Two-Week Pilot Study Examines Nearshore Currents and Waves at Black's Beach:

Scientists Monitor Real-Time Data with HPWREN-Like Technology

Scientists from the Scripps Institution of Oceanography (SIO) Integrative Oceanography Division (IOD) and Woods Hole Oceanographic Institution (WHOI) are currently conducting a two-week pilot study that uses 802.11b technology to help them examine surf zone water motions in real-time.

With assistance from the HPWREN team as well as the UCSD Administrative Computing, and Telecommunication Services (ACT) and the Office of Network Operations (ONO), several SIO and WHOI scientists have deployed two in-situ current and wave measuring stations in shallow water at Black's Beach. These stations are connected to an autonomous data acquisition system on the beach which telemeters the data in real-time, via a wireless Ethernet bridge on Scripps Pier, directly to IOD and WHOI laboratories for analysis.

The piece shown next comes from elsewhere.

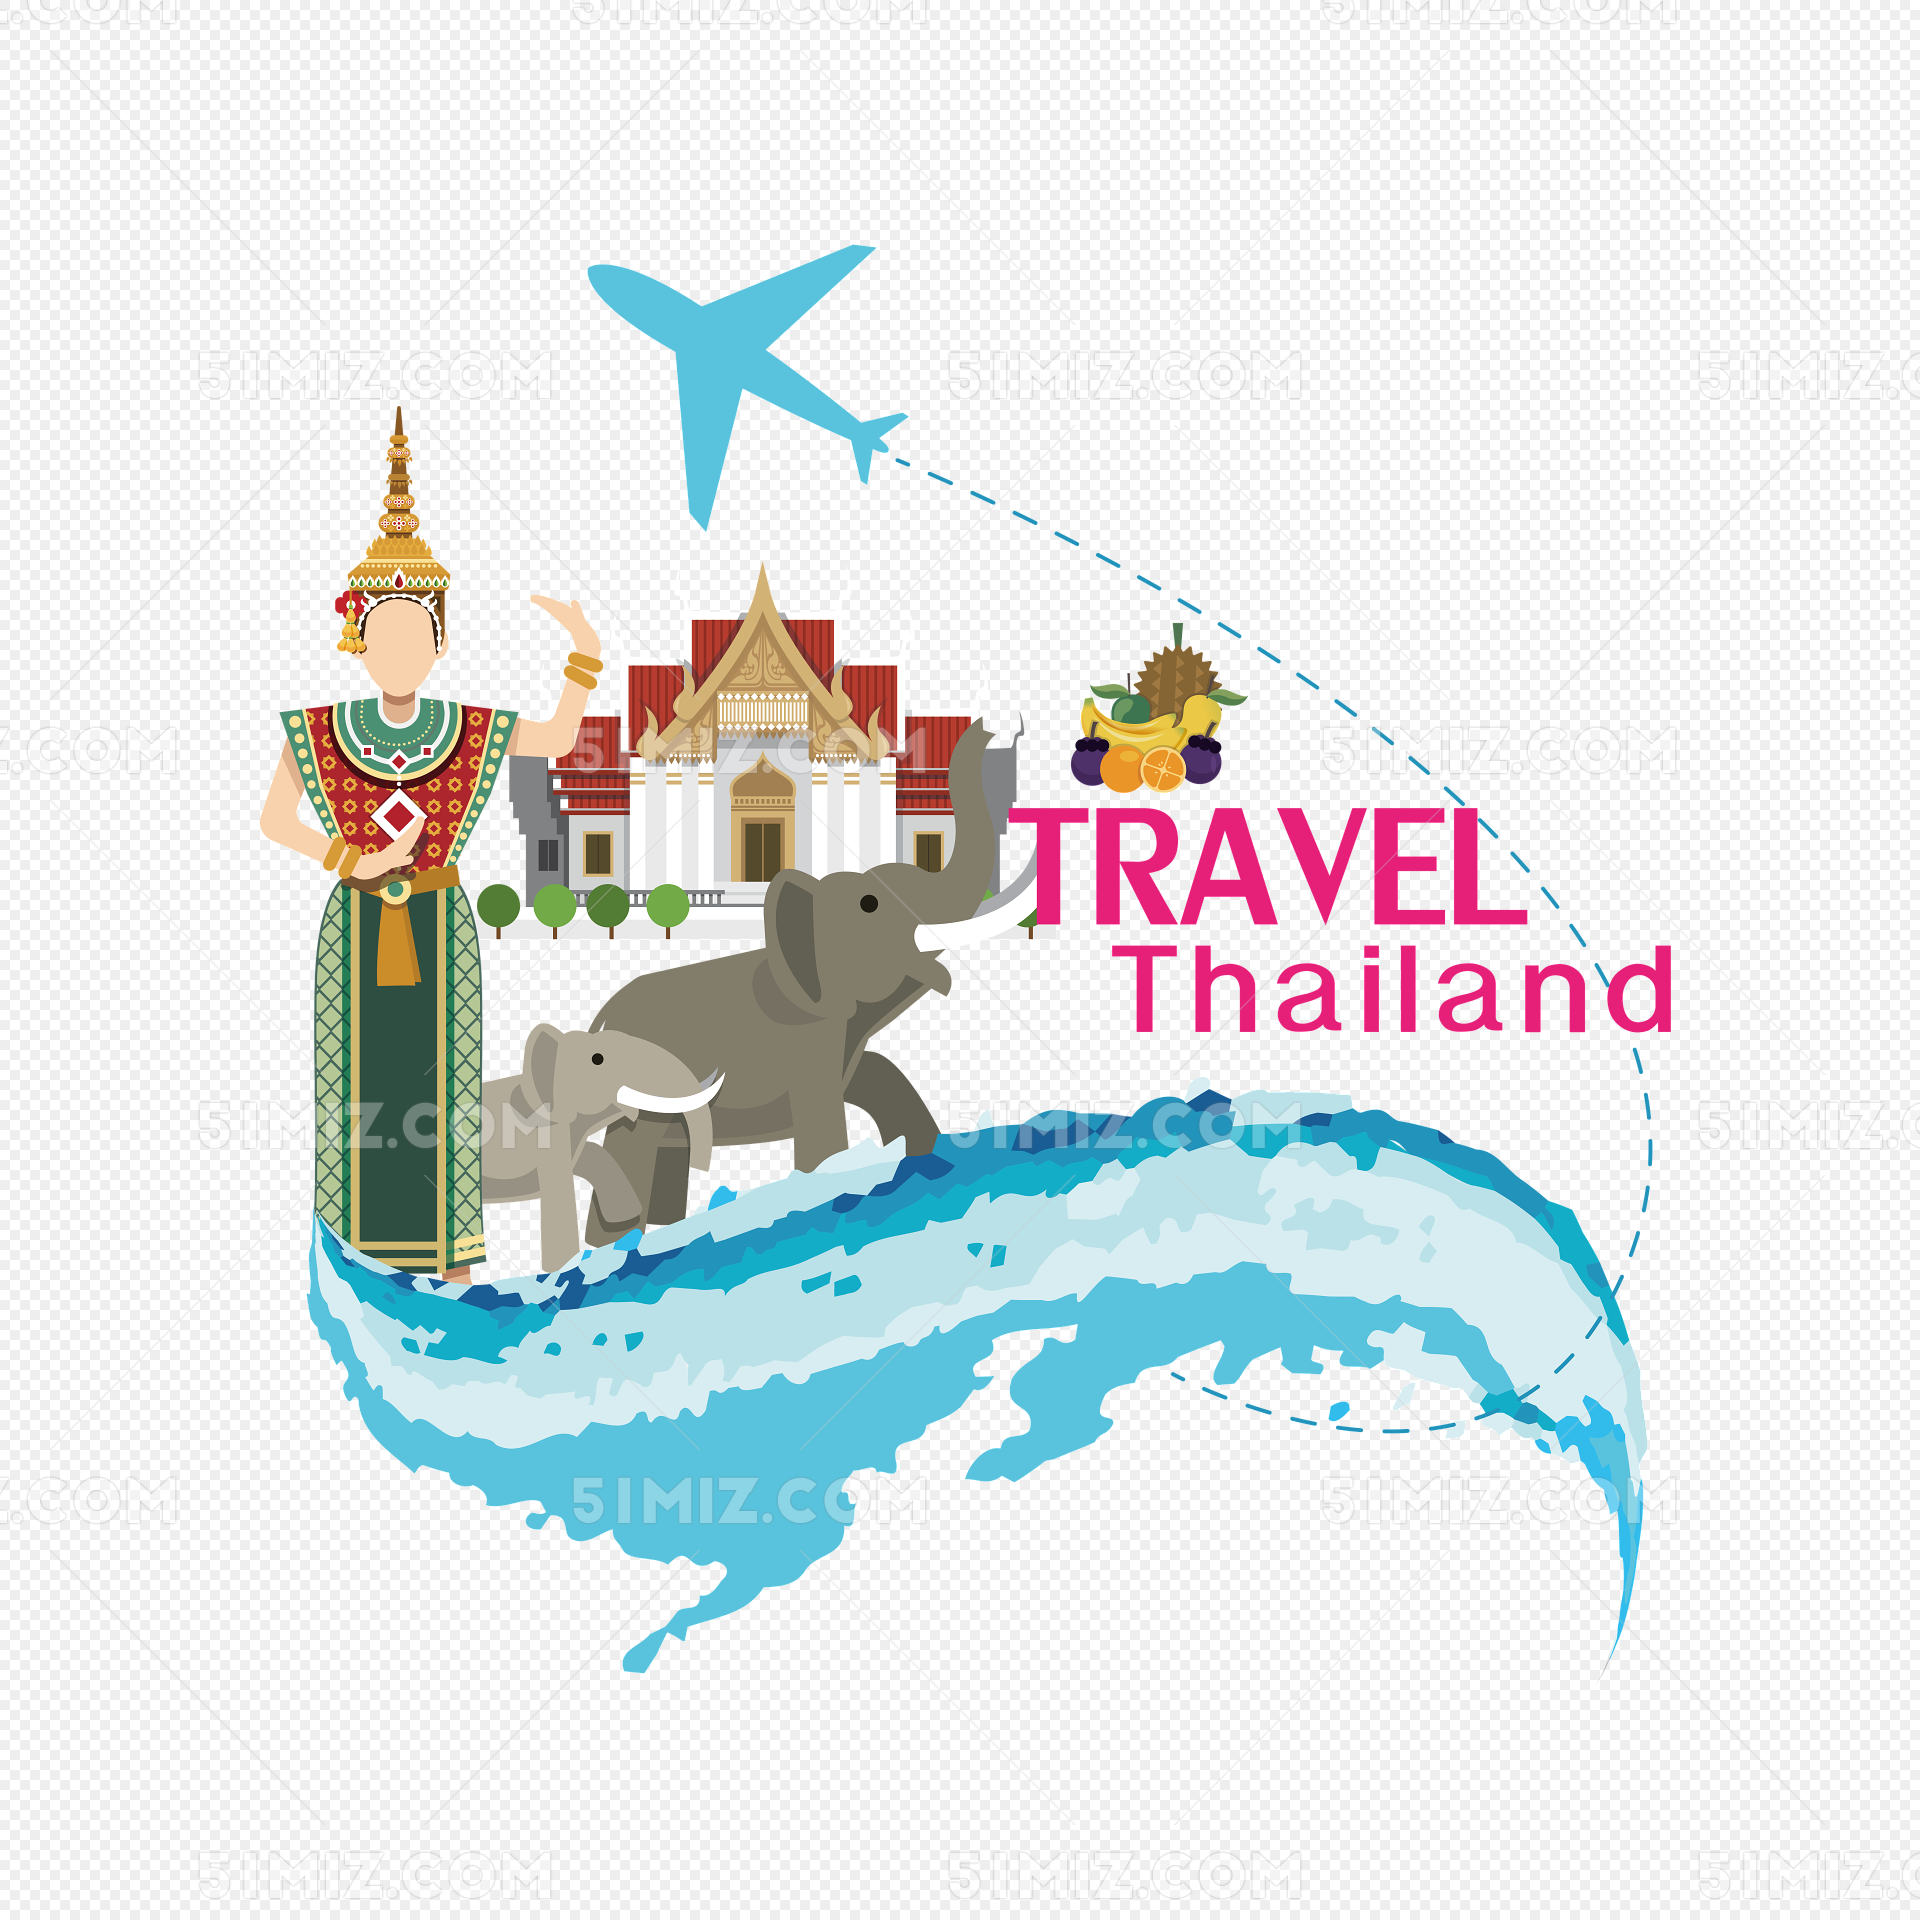 泰国举行欢迎仪式迎接中国旅客 - Chinadaily.com.cn

"The real-time data that is now being streamed from the beach to our labs allows researchers to better understand beach erosion and nearshore circulation," explains Jerome Wanetick, a computer scientist at SIO's Integrative Oceanography Division. "Once this pilot study is complete, we will make our final plans for next fall's larger experiment involving ten of these telemetry stations."

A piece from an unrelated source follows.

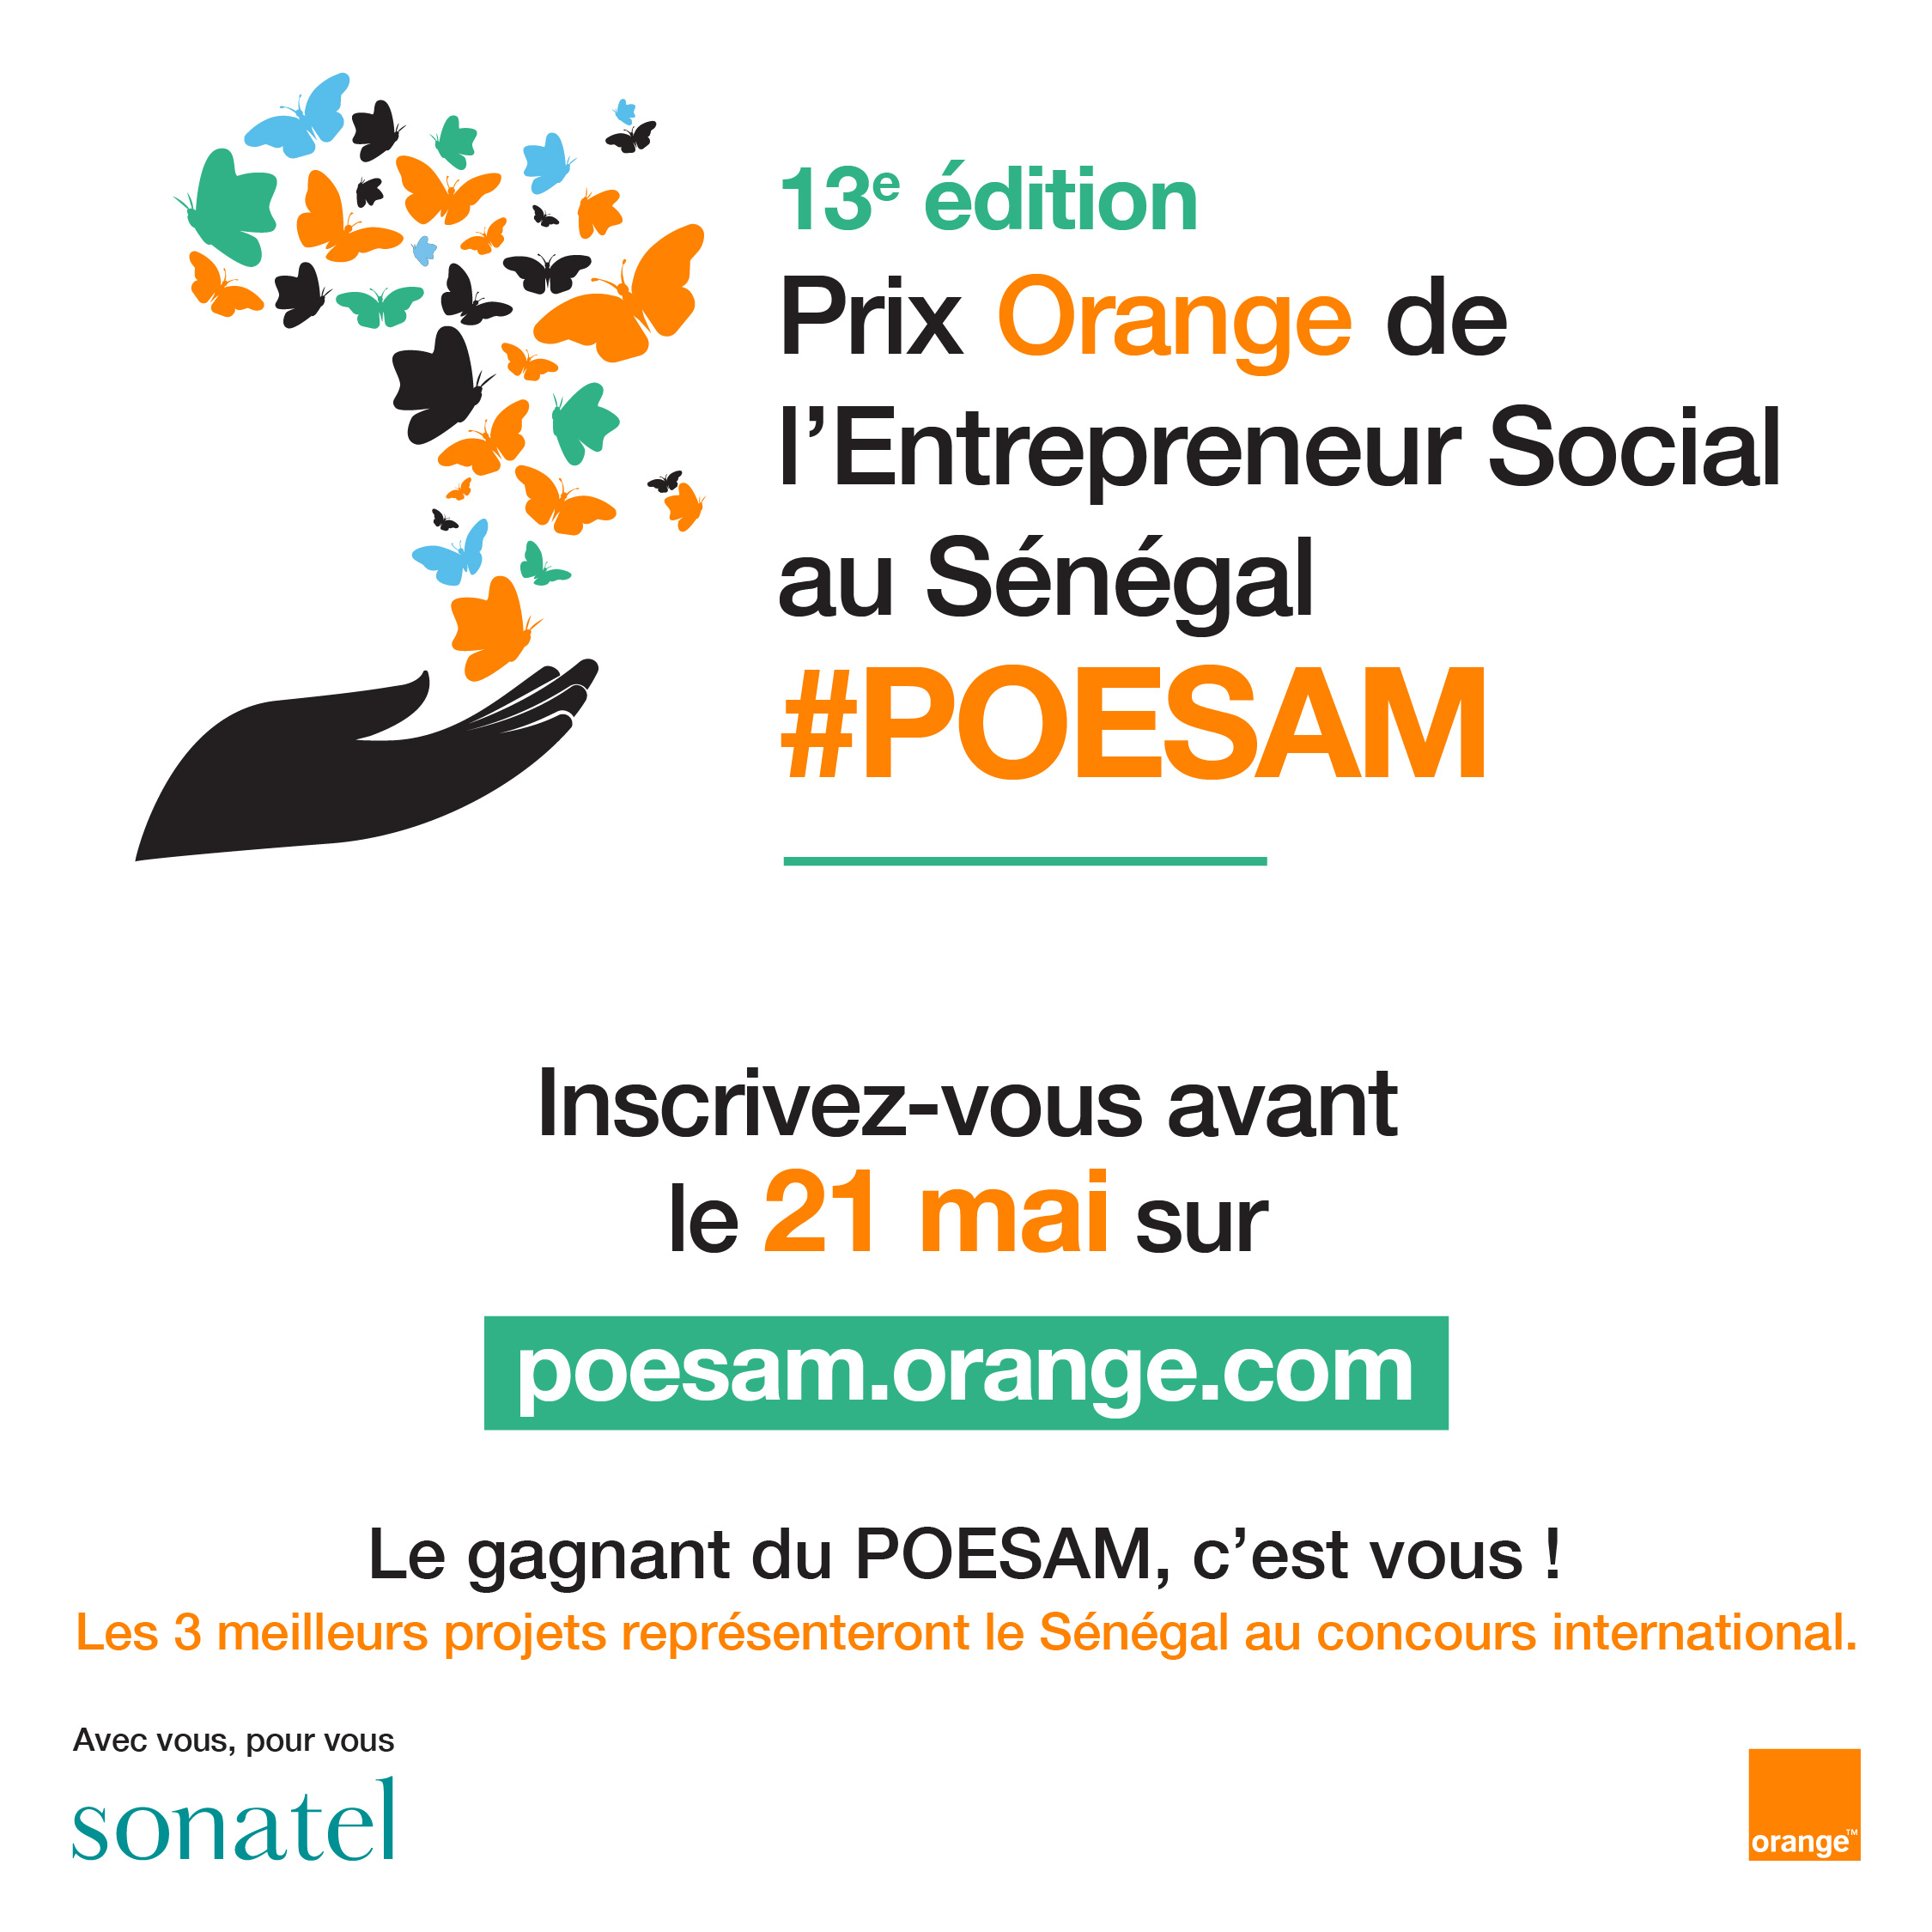 Orange lance la 13ème édition du Prix Orange de l’Entrepreneur Social en Afrique et au Moyen-Orient (POESAM) pour soutenir l’innovation sociale et encourager l’entrepreneuriat

The "larger experiment" that Wanetick refers to is the 2003 Nearshore Canyon Experiment (NCEX), which has been proposed to the Office of Naval Research and the National Science Foundation. Once finished, the NCEX will encompass a nearshore processes community model that allows scientists to better study the evolution of surface gravity waves propagating across the continental shelf through the shoaling region and surf zone. The NCEX will also concentrate on corresponding inner shelf and breaking-wave driven nearshore circulation, sediment transport, and subsequent bathymetric change.

While the telemetry instruments are mounted on a steel frame located between the beach and ten feet of water depth, a 40-inch grid antenna allows the station to deliver real-time data from Black's Beach to Scripps Pier, which utilizes a 180-degree sector antenna. The Internet connection originates at the pier via SIO's AP-2 access point. The data is then accessible by IOD and WHOI researchers - in real-time.